§ **What to do**:
Write out the data again in full, exactly as it reads.

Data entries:
######

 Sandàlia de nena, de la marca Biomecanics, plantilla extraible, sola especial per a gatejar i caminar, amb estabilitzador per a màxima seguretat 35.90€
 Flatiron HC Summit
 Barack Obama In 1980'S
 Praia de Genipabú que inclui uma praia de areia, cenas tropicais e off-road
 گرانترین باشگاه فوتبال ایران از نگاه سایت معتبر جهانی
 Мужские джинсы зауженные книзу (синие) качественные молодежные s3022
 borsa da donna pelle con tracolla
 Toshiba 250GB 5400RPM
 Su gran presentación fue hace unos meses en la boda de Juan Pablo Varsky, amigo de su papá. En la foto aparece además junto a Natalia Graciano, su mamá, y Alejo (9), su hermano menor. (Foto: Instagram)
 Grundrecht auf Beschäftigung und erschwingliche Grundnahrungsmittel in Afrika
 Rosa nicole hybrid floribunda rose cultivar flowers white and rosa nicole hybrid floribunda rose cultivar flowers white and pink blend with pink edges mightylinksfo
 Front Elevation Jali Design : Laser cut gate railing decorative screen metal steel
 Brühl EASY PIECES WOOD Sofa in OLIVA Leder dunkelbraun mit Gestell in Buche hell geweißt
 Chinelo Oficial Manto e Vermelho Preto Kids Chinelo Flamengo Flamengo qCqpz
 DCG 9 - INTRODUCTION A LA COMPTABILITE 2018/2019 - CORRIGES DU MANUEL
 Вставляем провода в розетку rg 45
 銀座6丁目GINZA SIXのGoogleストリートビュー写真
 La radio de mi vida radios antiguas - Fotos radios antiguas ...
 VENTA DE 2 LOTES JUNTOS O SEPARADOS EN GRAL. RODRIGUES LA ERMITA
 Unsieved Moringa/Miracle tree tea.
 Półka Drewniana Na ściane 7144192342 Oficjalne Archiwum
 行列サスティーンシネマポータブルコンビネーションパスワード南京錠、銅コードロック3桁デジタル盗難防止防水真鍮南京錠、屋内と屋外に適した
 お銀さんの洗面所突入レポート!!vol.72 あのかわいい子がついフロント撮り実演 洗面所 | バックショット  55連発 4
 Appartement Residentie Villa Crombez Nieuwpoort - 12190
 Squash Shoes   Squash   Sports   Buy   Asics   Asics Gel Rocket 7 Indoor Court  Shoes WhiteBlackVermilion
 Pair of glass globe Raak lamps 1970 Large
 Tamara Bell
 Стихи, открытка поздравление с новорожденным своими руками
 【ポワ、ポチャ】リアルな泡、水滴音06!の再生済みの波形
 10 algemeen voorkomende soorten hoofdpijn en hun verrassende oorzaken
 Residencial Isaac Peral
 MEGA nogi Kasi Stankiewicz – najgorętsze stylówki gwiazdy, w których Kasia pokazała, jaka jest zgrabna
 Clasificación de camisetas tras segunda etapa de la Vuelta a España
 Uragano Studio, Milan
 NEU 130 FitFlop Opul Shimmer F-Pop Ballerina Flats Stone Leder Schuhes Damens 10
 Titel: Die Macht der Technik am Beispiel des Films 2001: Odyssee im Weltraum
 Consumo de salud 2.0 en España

######

§ **Output of the exercise**:
 Sandàlia de nena, de la marca Biomecanics, plantilla extraible, sola especial per a gatejar i caminar, amb estabilitzador per a màxima seguretat 35.90€
 Flatiron HC Summit
 Barack Obama In 1980'S
 Praia de Genipabú que inclui uma praia de areia, cenas tropicais e off-road
 گرانترین باشگاه فوتبال ایران از نگاه سایت معتبر جهانی
 Мужские джинсы зауженные книзу (синие) качественные молодежные s3022
 borsa da donna pelle con tracolla
 Toshiba 250GB 5400RPM
 Su gran presentación fue hace unos meses en la boda de Juan Pablo Varsky, amigo de su papá. En la foto aparece además junto a Natalia Graciano, su mamá, y Alejo (9), su hermano menor. (Foto: Instagram)
 Grundrecht auf Beschäftigung und erschwingliche Grundnahrungsmittel in Afrika
 Rosa nicole hybrid floribunda rose cultivar flowers white and rosa nicole hybrid floribunda rose cultivar flowers white and pink blend with pink edges mightylinksfo
 Front Elevation Jali Design : Laser cut gate railing decorative screen metal steel
 Brühl EASY PIECES WOOD Sofa in OLIVA Leder dunkelbraun mit Gestell in Buche hell geweißt
 Chinelo Oficial Manto e Vermelho Preto Kids Chinelo Flamengo Flamengo qCqpz
 DCG 9 - INTRODUCTION A LA COMPTABILITE 2018/2019 - CORRIGES DU MANUEL
 Вставляем провода в розетку rg 45
 銀座6丁目GINZA SIXのGoogleストリートビュー写真
 La radio de mi vida radios antiguas - Fotos radios antiguas ...
 VENTA DE 2 LOTES JUNTOS O SEPARADOS EN GRAL. RODRIGUES LA ERMITA
 Unsieved Moringa/Miracle tree tea.
 Półka Drewniana Na ściane 7144192342 Oficjalne Archiwum
 行列サスティーンシネマポータブルコンビネーションパスワード南京錠、銅コードロック3桁デジタル盗難防止防水真鍮南京錠、屋内と屋外に適した
 お銀さんの洗面所突入レポート!!vol.72 あのかわいい子がついフロント撮り実演 洗面所 | バックショット  55連発 4
 Appartement Residentie Villa Crombez Nieuwpoort - 12190
 Squash Shoes   Squash   Sports   Buy   Asics   Asics Gel Rocket 7 Indoor Court  Shoes WhiteBlackVermilion
 Pair of glass globe Raak lamps 1970 Large
 Tamara Bell
 Стихи, открытка поздравление с новорожденным своими руками
 【ポワ、ポチャ】リアルな泡、水滴音06!の再生済みの波形
 10 algemeen voorkomende soorten hoofdpijn en hun verrassende oorzaken
 Residencial Isaac Peral
 MEGA nogi Kasi Stankiewicz – najgorętsze stylówki gwiazdy, w których Kasia pokazała, jaka jest zgrabna
 Clasificación de camisetas tras segunda etapa de la Vuelta a España
 Uragano Studio, Milan
 NEU 130 FitFlop Opul Shimmer F-Pop Ballerina Flats Stone Leder Schuhes Damens 10
 Titel: Die Macht der Technik am Beispiel des Films 2001: Odyssee im Weltraum
 Consumo de salud 2.0 en España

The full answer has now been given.